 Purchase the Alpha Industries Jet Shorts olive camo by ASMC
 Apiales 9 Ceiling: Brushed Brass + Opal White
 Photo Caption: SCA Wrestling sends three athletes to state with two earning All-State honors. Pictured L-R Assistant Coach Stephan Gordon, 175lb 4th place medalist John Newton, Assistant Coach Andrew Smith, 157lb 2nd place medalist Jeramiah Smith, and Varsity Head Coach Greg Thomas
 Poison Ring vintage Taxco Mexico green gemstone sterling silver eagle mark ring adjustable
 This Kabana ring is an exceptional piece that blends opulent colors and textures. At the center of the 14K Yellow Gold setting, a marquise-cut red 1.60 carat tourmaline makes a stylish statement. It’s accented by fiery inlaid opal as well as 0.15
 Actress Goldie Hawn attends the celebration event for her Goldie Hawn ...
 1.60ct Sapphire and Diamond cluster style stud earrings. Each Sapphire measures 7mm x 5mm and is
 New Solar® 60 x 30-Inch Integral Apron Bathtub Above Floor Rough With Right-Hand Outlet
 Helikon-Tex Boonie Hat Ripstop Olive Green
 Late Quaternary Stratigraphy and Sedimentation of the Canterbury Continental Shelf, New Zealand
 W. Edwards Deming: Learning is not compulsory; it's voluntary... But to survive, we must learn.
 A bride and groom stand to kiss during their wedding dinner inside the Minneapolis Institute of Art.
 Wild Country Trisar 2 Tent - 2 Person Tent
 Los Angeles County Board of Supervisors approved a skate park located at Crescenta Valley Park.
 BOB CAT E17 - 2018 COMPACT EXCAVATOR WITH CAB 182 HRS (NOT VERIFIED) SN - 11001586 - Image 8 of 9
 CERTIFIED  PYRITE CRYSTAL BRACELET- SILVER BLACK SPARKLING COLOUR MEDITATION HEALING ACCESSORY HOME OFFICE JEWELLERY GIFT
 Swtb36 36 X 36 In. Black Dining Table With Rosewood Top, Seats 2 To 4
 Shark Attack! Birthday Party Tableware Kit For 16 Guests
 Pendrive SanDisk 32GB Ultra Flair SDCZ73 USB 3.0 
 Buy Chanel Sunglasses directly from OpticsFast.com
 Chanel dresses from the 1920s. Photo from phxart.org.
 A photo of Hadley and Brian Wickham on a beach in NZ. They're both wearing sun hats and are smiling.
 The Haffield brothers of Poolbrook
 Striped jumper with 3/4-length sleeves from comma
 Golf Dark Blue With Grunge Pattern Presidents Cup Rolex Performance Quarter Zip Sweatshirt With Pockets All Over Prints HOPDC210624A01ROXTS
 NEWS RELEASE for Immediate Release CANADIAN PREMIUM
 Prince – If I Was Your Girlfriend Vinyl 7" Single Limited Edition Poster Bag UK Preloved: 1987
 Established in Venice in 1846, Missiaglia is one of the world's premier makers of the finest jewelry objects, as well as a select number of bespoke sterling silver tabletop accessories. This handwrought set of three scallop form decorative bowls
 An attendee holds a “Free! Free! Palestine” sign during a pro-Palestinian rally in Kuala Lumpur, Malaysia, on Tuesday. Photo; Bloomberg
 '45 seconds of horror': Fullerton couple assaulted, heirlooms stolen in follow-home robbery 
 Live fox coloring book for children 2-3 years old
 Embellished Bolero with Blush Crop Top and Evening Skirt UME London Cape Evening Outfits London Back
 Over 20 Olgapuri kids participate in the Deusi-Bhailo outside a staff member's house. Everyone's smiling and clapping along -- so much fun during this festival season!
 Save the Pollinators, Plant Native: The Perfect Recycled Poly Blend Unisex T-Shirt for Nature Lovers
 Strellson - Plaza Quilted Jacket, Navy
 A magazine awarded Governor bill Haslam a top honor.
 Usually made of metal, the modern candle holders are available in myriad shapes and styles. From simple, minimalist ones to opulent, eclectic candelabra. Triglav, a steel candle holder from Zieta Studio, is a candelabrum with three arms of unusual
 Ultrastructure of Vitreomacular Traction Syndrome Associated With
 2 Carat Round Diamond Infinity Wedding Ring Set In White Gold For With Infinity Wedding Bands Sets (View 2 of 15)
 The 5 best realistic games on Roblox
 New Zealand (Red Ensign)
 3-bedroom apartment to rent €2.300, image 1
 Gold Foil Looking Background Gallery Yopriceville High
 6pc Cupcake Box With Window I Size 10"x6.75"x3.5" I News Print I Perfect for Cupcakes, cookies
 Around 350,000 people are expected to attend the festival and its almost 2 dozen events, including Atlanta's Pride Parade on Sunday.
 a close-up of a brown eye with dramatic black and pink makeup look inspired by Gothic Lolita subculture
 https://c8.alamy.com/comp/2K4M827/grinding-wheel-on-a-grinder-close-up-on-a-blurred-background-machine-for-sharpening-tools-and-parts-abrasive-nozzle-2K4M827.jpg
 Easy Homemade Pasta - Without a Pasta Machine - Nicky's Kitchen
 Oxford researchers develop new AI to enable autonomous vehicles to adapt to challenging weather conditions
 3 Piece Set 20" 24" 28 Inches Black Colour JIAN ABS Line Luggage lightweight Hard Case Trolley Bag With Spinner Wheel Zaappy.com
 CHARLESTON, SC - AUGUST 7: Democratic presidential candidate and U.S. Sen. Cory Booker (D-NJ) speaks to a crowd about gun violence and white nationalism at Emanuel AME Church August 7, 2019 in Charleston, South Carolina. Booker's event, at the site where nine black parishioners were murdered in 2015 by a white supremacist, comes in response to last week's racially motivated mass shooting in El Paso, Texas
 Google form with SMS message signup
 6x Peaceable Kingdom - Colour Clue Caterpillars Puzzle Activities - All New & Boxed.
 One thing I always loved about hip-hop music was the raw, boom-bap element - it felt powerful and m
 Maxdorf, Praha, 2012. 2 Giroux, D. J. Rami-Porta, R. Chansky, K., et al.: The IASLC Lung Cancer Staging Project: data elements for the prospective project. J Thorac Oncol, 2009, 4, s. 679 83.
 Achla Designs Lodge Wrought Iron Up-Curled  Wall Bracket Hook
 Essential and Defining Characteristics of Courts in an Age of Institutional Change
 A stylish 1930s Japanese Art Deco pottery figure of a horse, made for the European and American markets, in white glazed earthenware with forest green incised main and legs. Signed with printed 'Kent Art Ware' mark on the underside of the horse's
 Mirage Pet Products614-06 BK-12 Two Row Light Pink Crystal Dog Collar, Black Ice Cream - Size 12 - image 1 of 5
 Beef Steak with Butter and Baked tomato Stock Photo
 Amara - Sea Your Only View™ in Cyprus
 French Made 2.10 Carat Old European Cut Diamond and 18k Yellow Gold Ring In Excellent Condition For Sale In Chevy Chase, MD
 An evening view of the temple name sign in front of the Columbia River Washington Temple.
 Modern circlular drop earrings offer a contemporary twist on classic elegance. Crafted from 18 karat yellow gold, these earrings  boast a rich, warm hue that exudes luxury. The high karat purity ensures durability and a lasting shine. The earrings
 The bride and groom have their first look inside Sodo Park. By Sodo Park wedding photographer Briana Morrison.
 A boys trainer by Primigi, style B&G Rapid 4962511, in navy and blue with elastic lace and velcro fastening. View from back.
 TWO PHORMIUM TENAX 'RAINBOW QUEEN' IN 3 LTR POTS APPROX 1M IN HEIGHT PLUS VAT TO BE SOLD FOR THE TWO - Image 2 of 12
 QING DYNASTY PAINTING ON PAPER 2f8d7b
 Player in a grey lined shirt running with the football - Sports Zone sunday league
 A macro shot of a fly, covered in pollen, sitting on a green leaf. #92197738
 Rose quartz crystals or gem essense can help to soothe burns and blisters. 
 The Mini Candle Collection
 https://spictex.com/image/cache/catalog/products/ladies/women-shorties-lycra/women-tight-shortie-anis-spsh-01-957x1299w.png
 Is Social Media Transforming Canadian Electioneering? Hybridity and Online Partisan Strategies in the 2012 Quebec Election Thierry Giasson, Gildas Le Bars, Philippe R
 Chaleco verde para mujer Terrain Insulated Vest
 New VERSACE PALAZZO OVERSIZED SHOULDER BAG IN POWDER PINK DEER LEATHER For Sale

****

◆ THE PROBLEM
Beginning with the line that has "Google form with SMS message signup" and ending with the line that has "One thing I", set down the lines above exactly and include no others.

◆ SOLUTION TO THIS EXERCISE
 Google form with SMS message signup
 6x Peaceable Kingdom - Colour Clue Caterpillars Puzzle Activities - All New & Boxed.
 One thing I always loved about hip-hop music was the raw, boom-bap element - it felt powerful and m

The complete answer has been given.